> [Exercise prompt] When you copy the material below, keep every line exact and drop the pictures.

> [Given information]
========

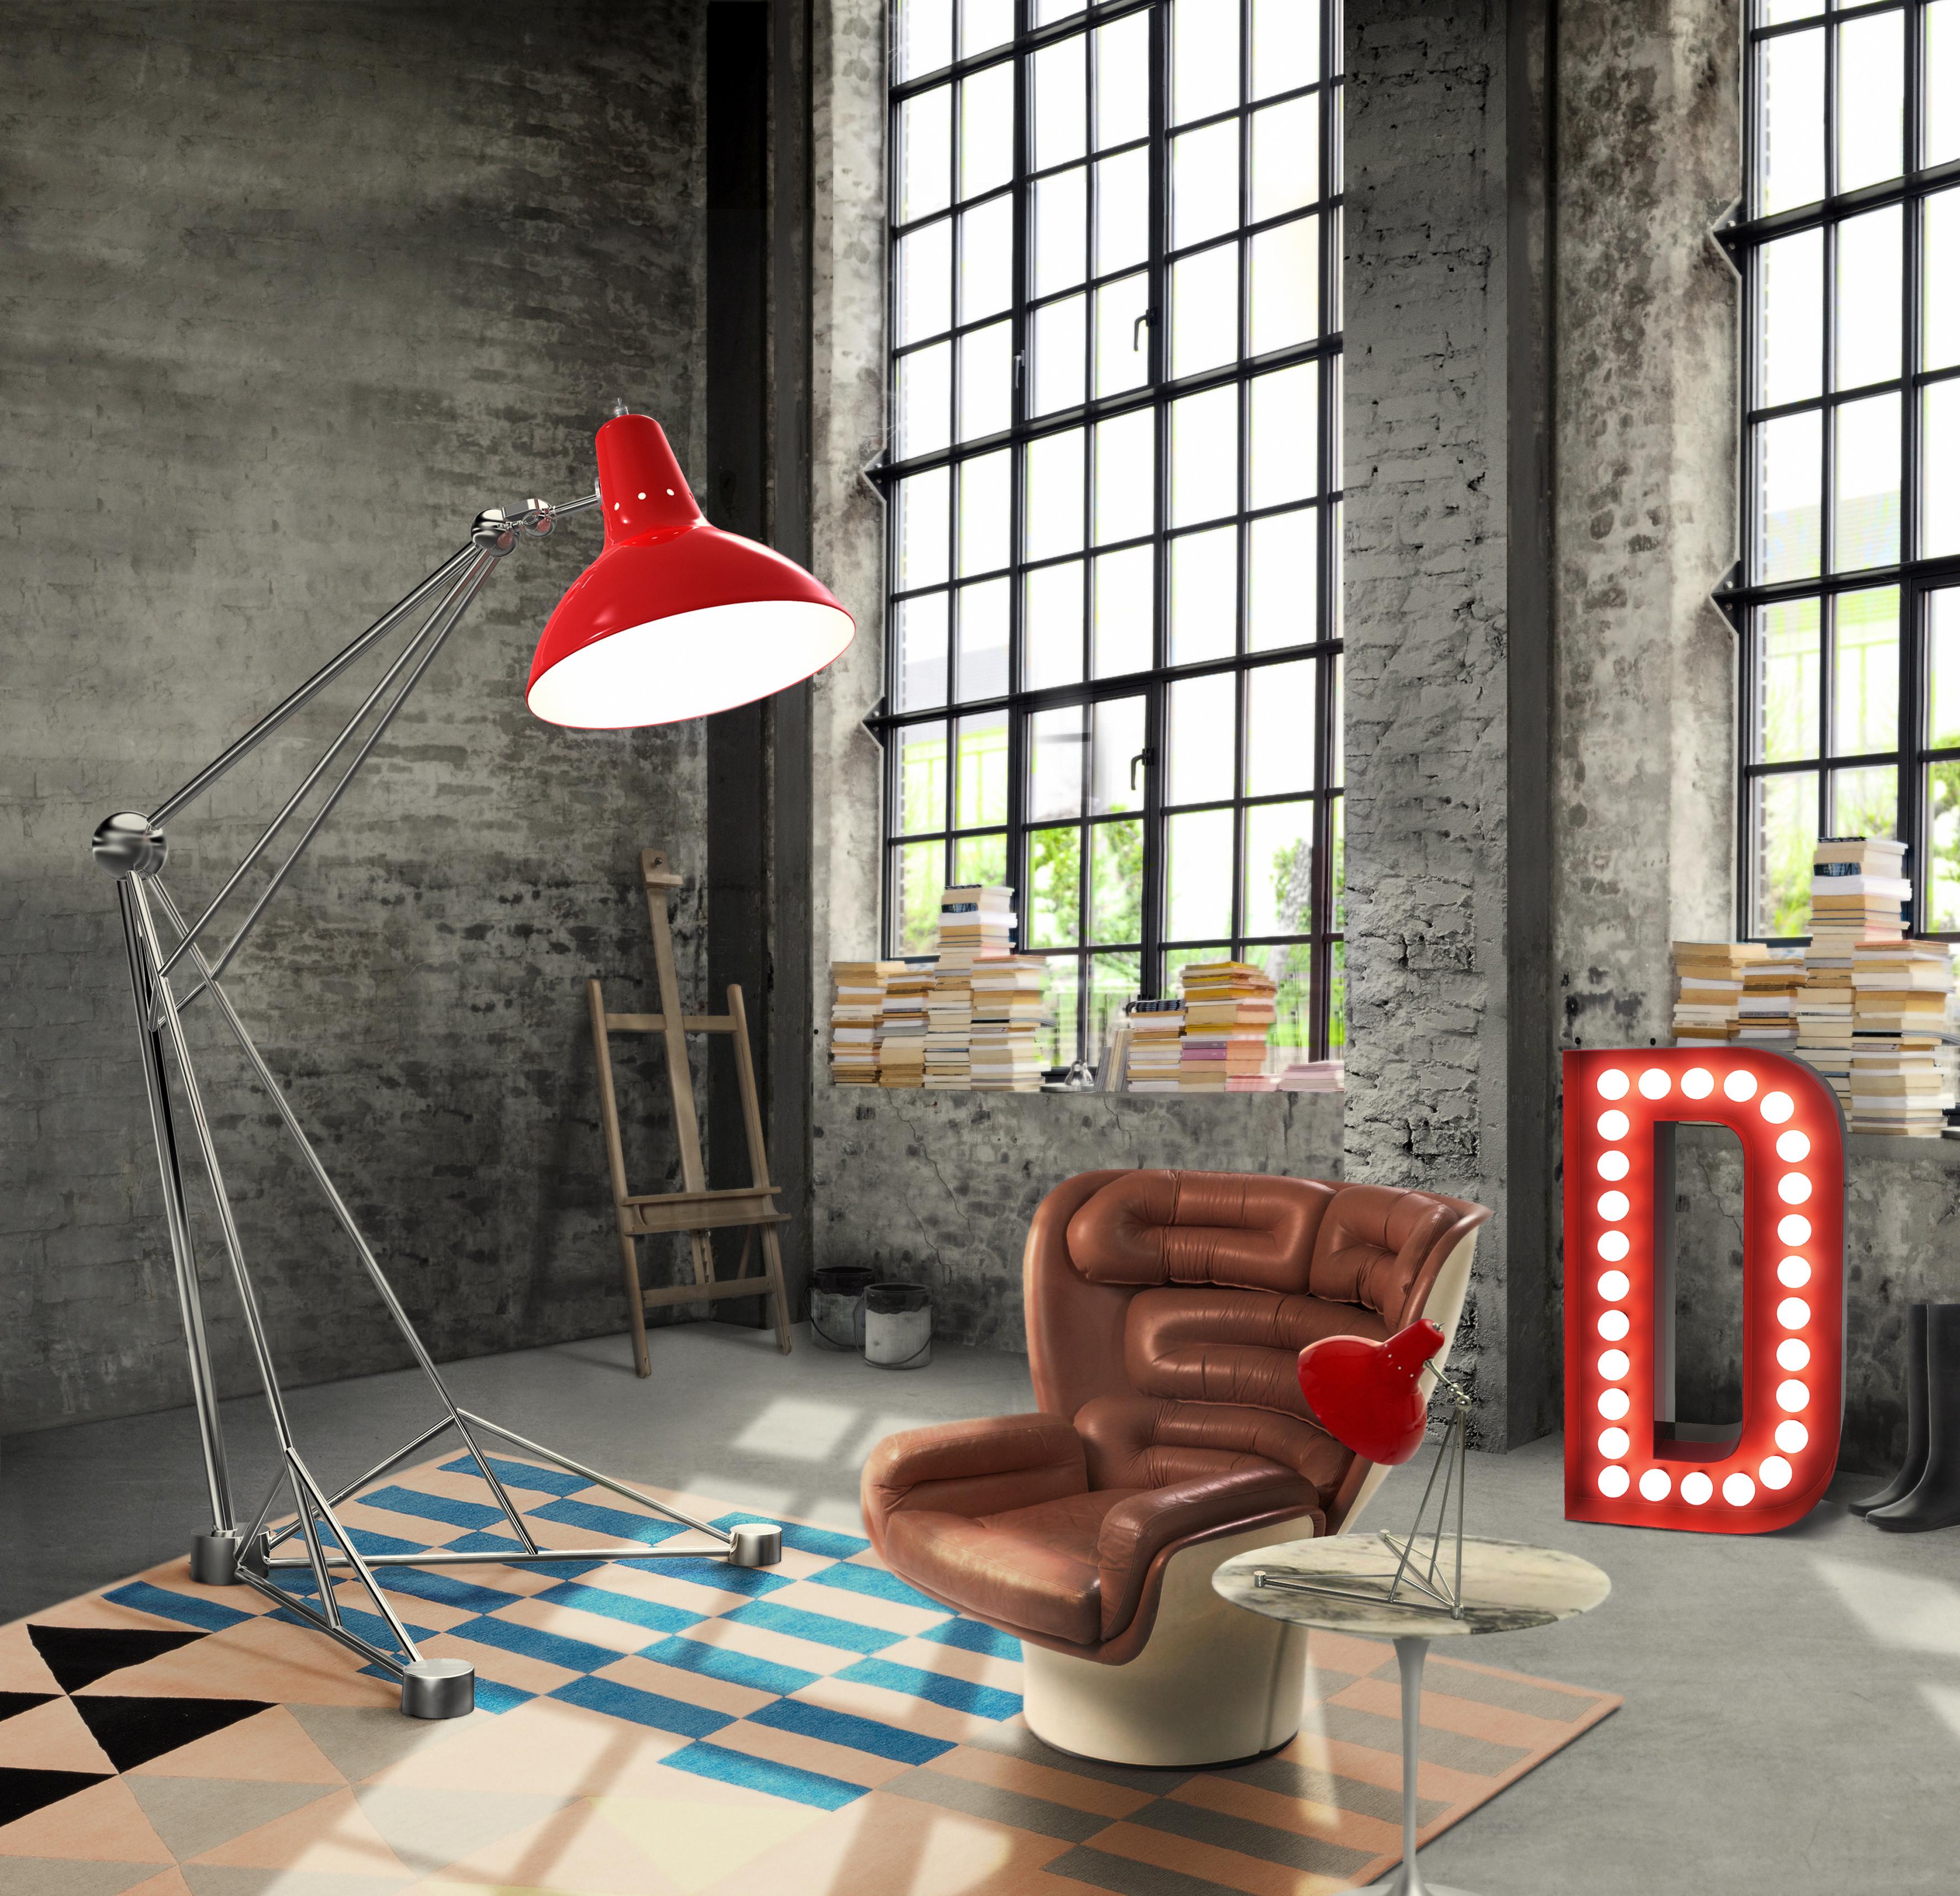 5 Brilliant Ways To Use Industrial Lighting Design
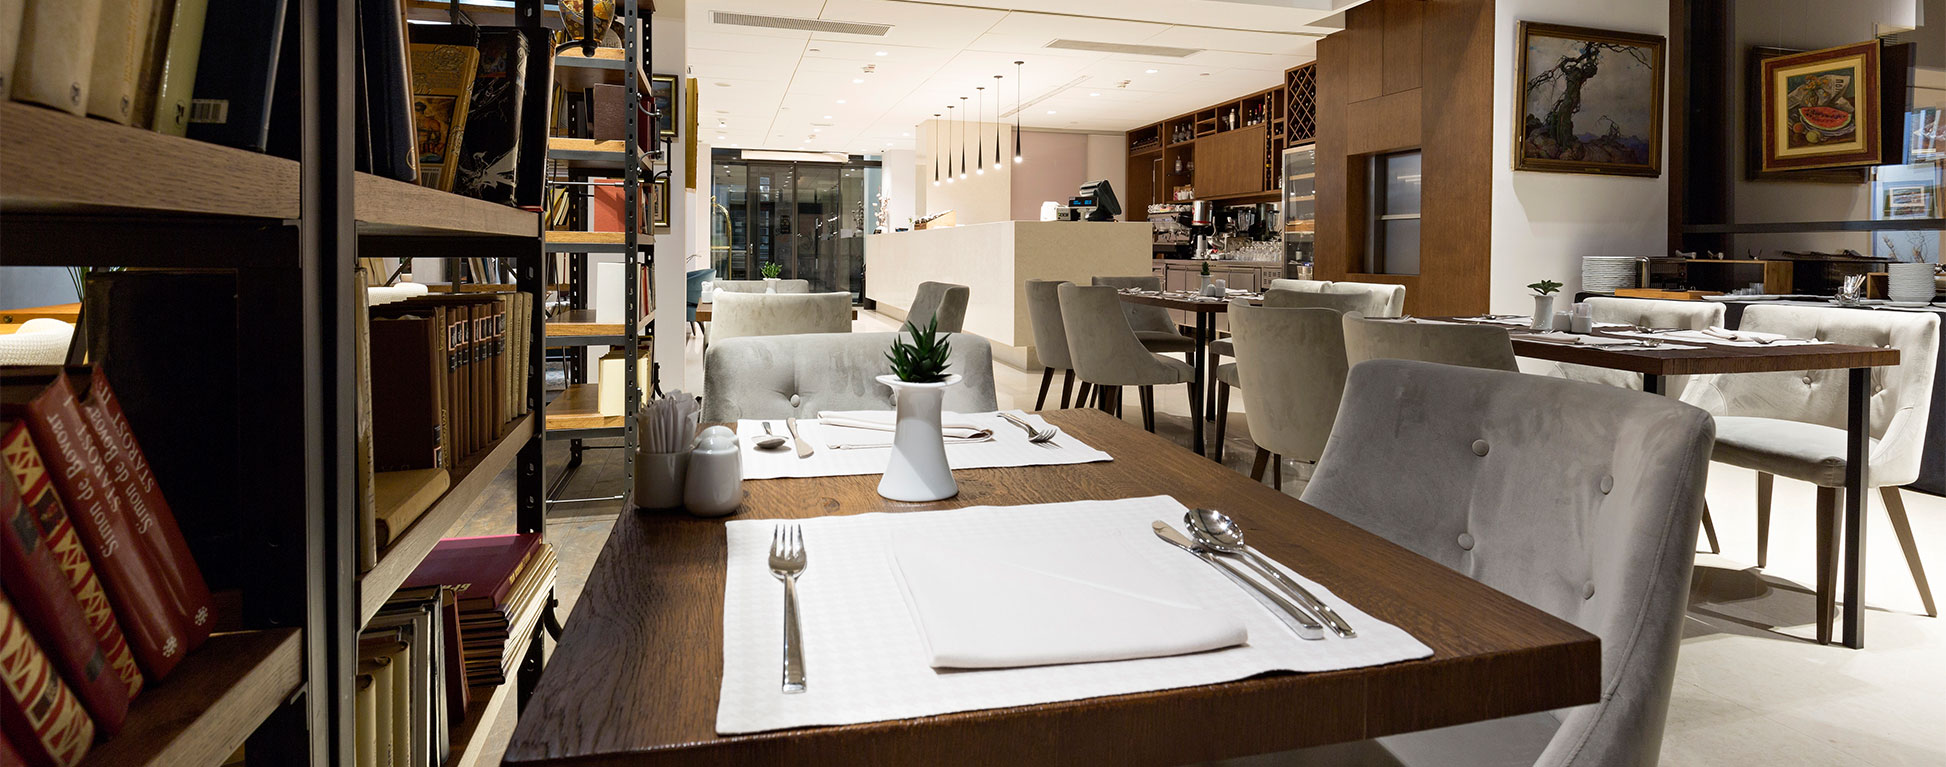 restaurant-header-1
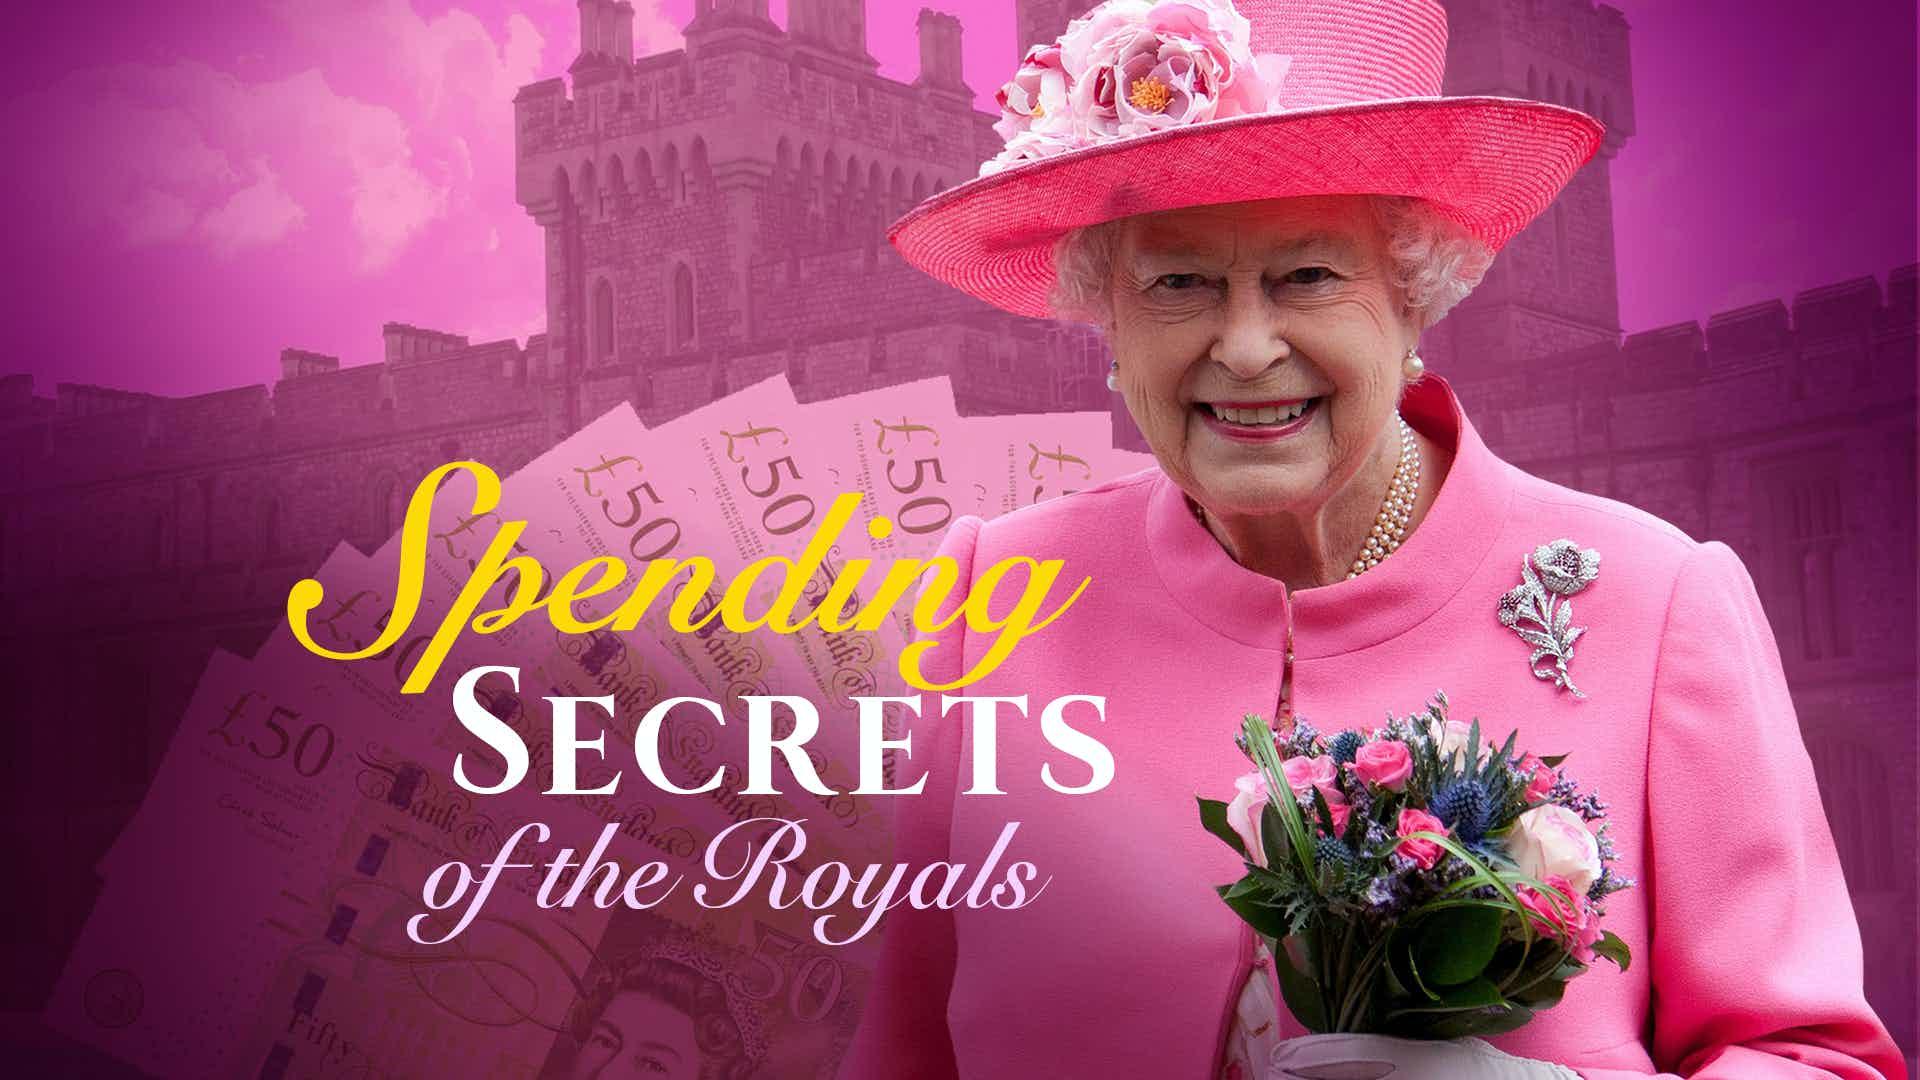 Spending Secrets of the Royals

========

> [Response to this task]
 5 Brilliant Ways To Use Industrial Lighting Design
 restaurant-header-1
 Spending Secrets of the Royals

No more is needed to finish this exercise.